--- SOURCE DATA Enclosed Below ---
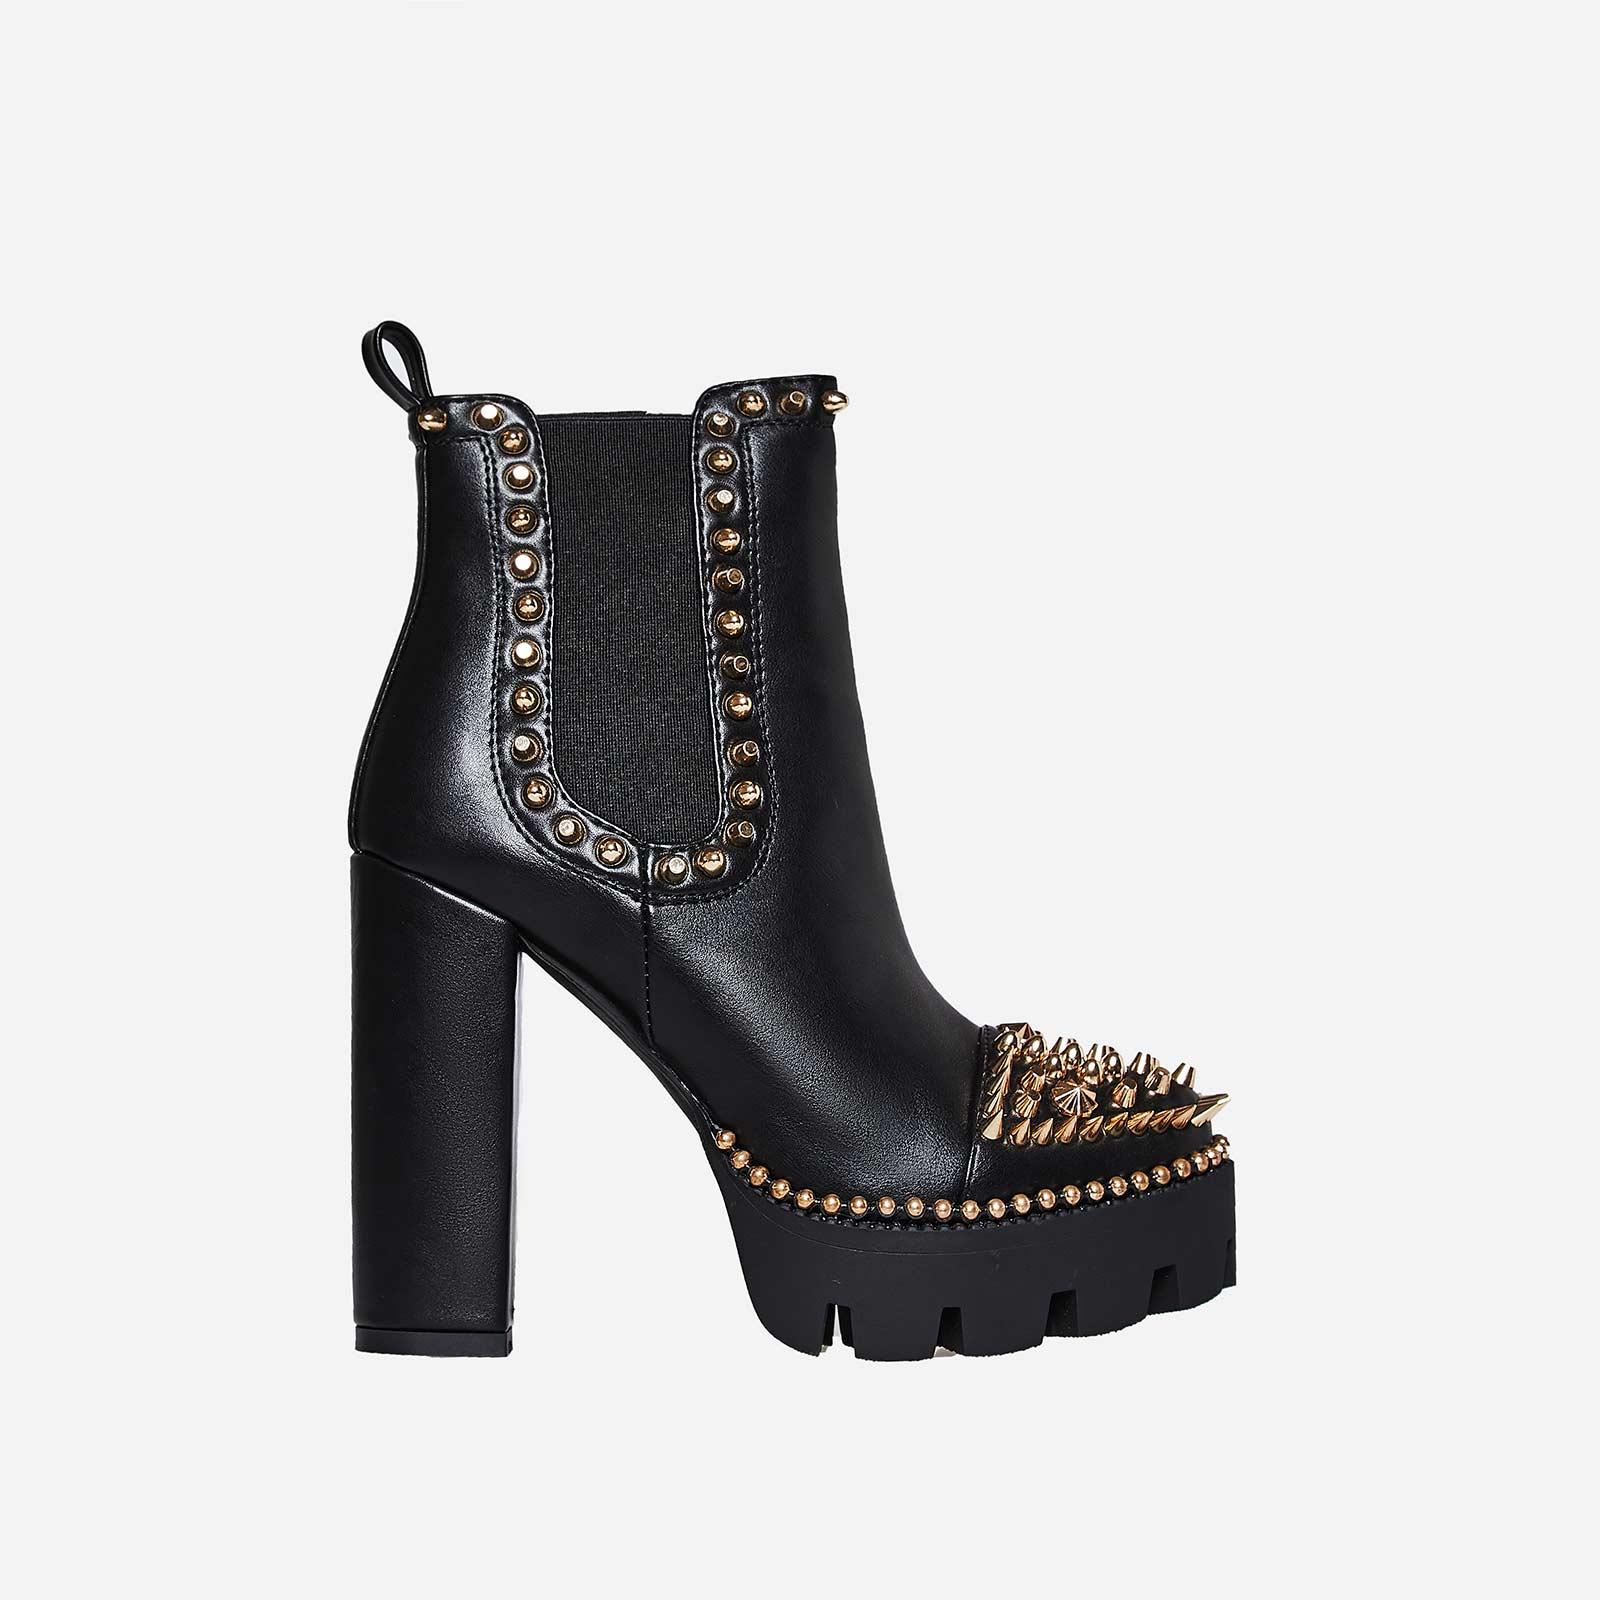 Domino Gold Studded Detail Platform Biker Boot In Black Faux Leather
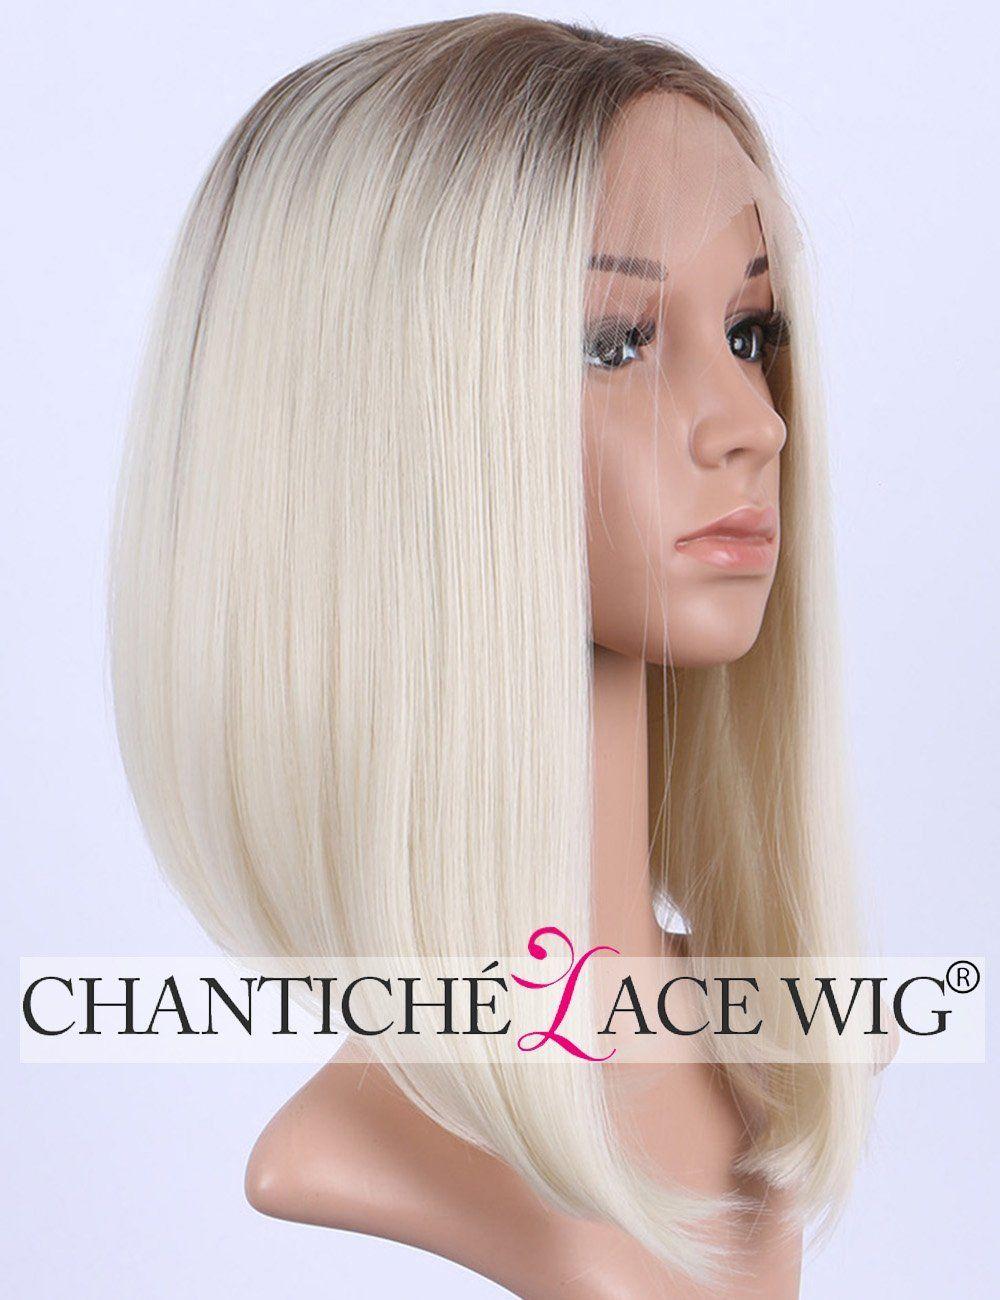 Chantiche Hot Sale Natural Looking Platinum Blonde Short Bob Hair Lace Wigs Fashion Brown Roots Synthetic Lace Fro Long Hair Wigs Lace Wigs Synthetic Lace Wigs
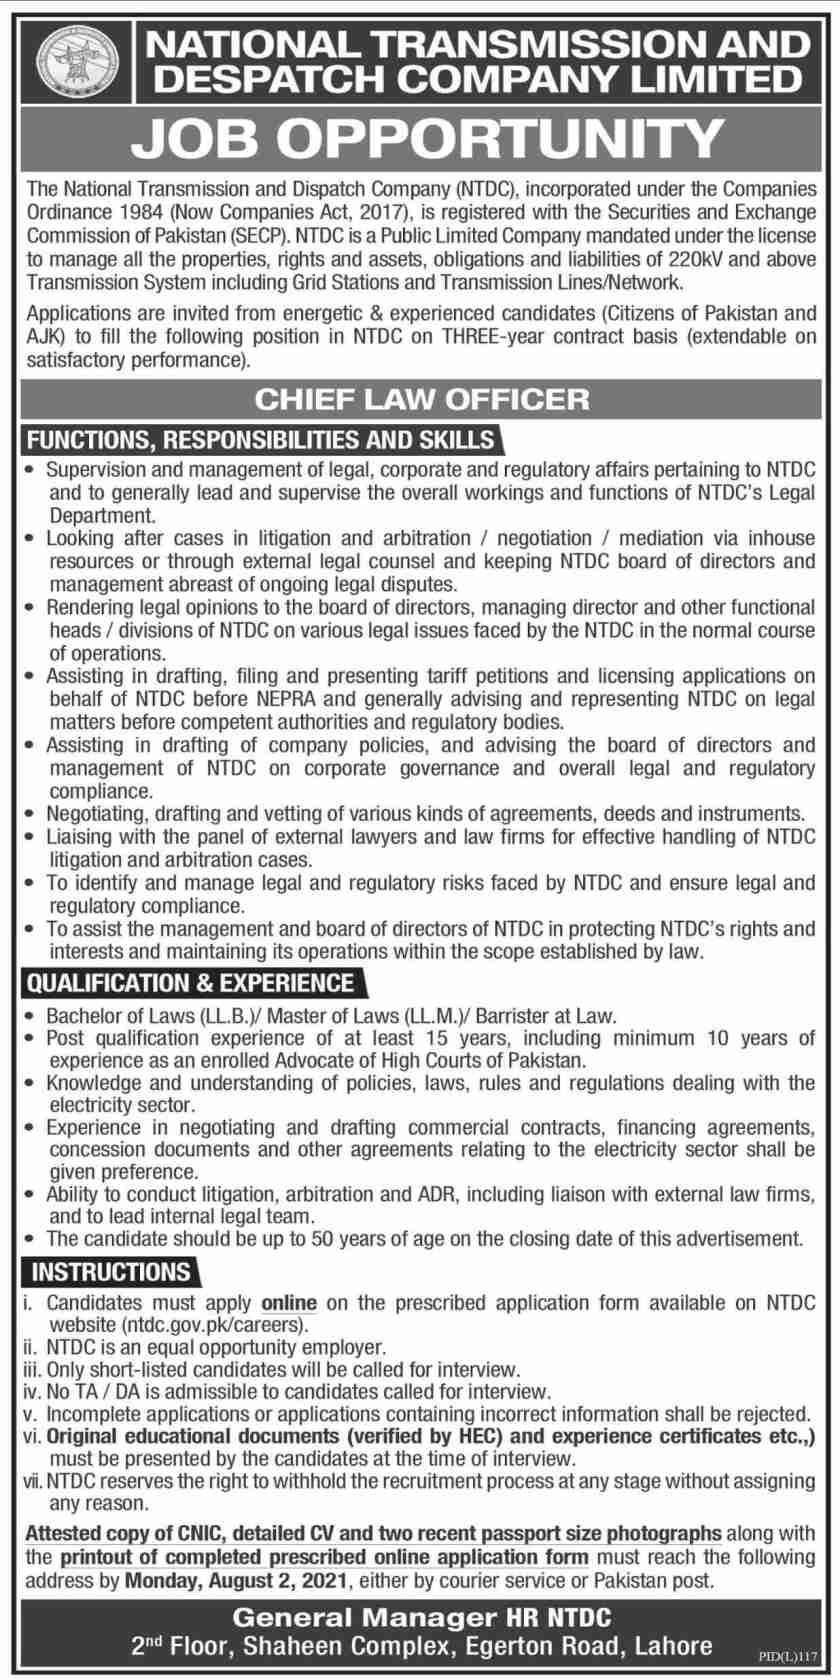 National Transmission & Despatch Company Limited NTDC Jobs 2021
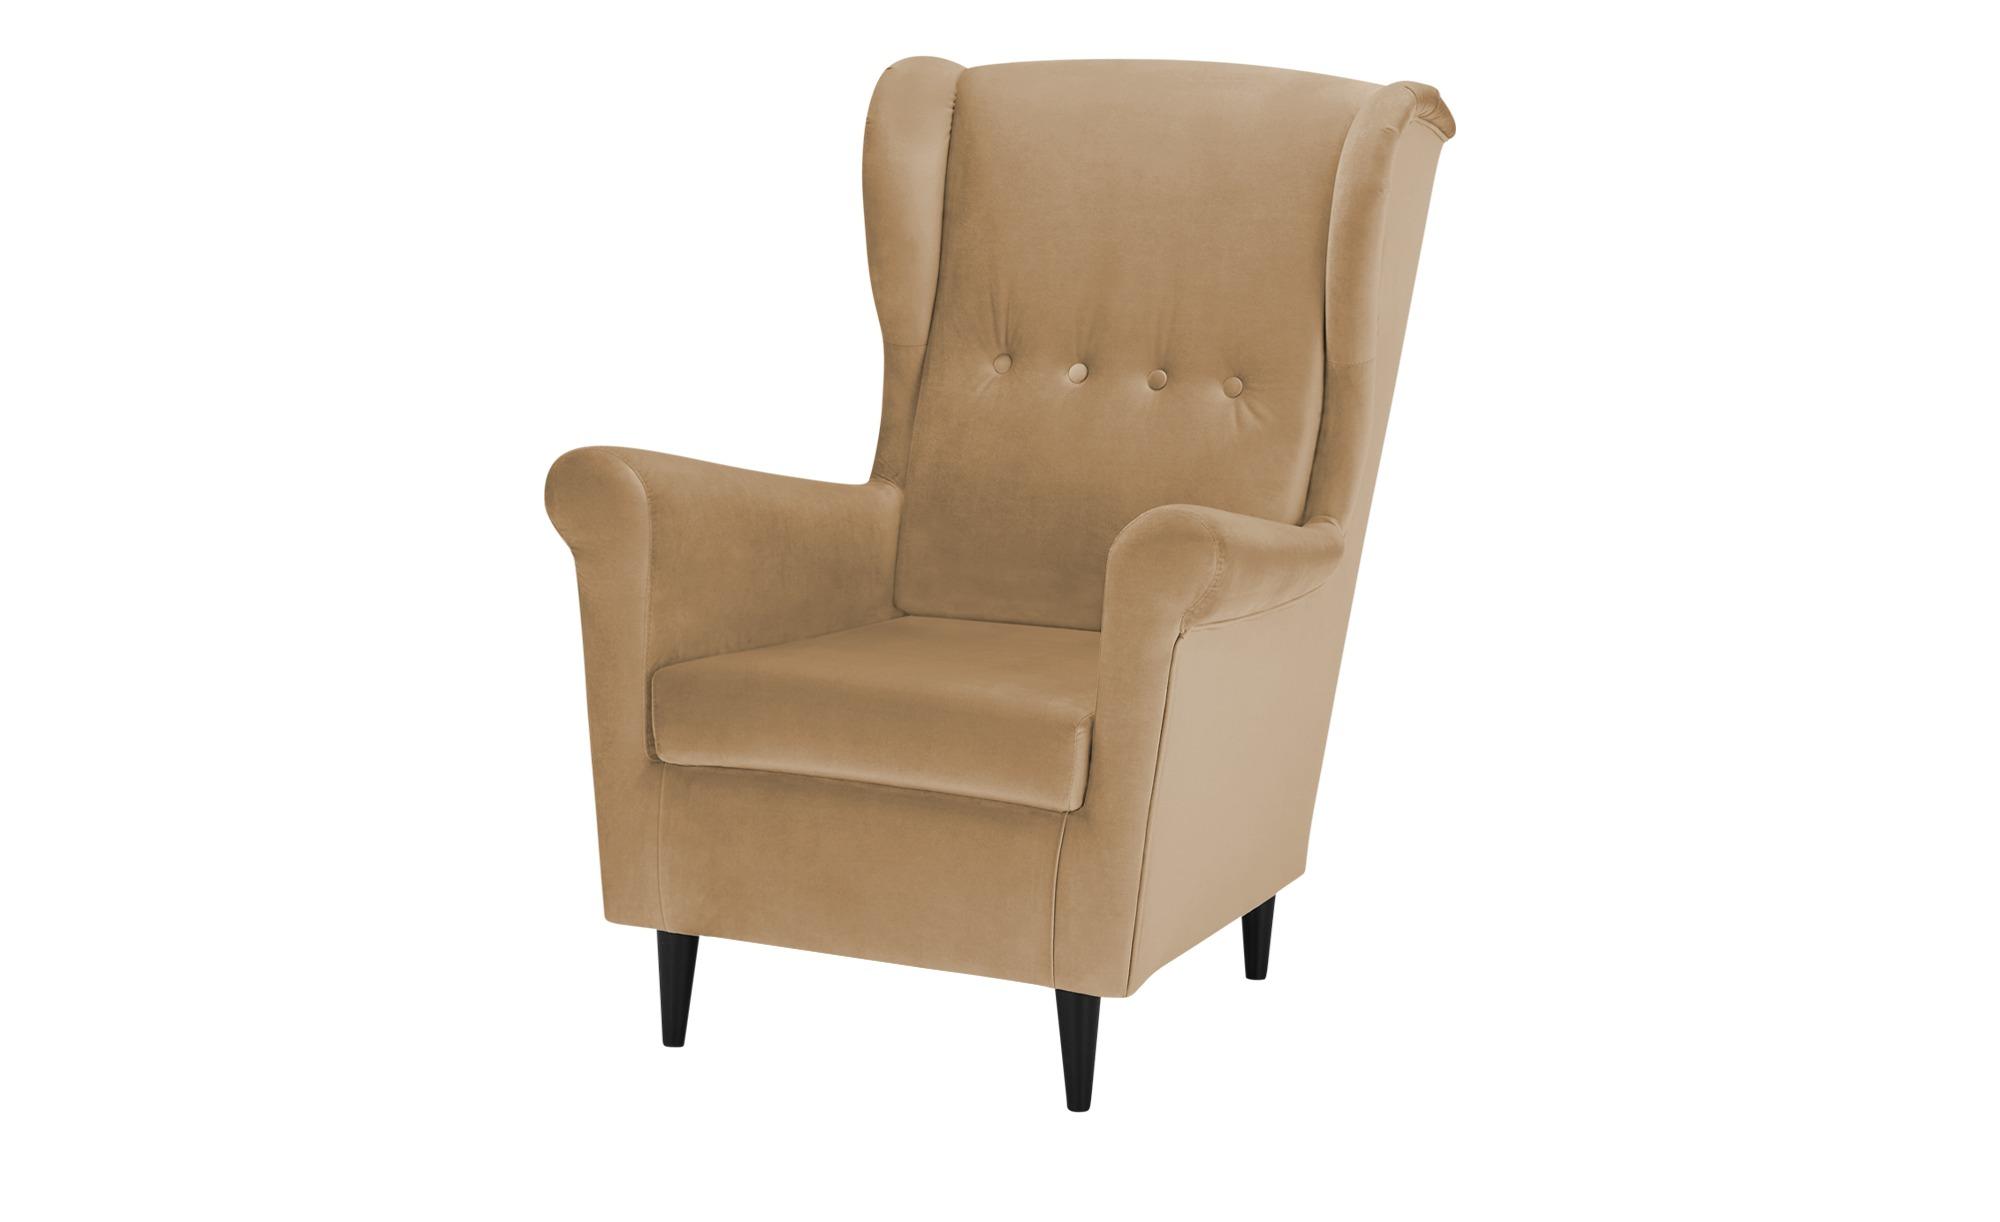 smart Sessel  Hubertine ¦ beige ¦ Maße (cm): B: 82 H: 102 T: 89 Polstermöbel > Sessel > Ohrensessel - Höffner
--- End of Enclosed SOURCE DATA ---
● **EXERCISE BRIEF**
Give back the listing exactly, with the pictures removed.

● **SOLUTION FOR THIS EXERCISE**
 Domino Gold Studded Detail Platform Biker Boot In Black Faux Leather
 Chantiche Hot Sale Natural Looking Platinum Blonde Short Bob Hair Lace Wigs Fashion Brown Roots Synthetic Lace Fro Long Hair Wigs Lace Wigs Synthetic Lace Wigs
 National Transmission & Despatch Company Limited NTDC Jobs 2021
 smart Sessel  Hubertine ¦ beige ¦ Maße (cm): B: 82 H: 102 T: 89 Polstermöbel > Sessel > Ohrensessel - Höffner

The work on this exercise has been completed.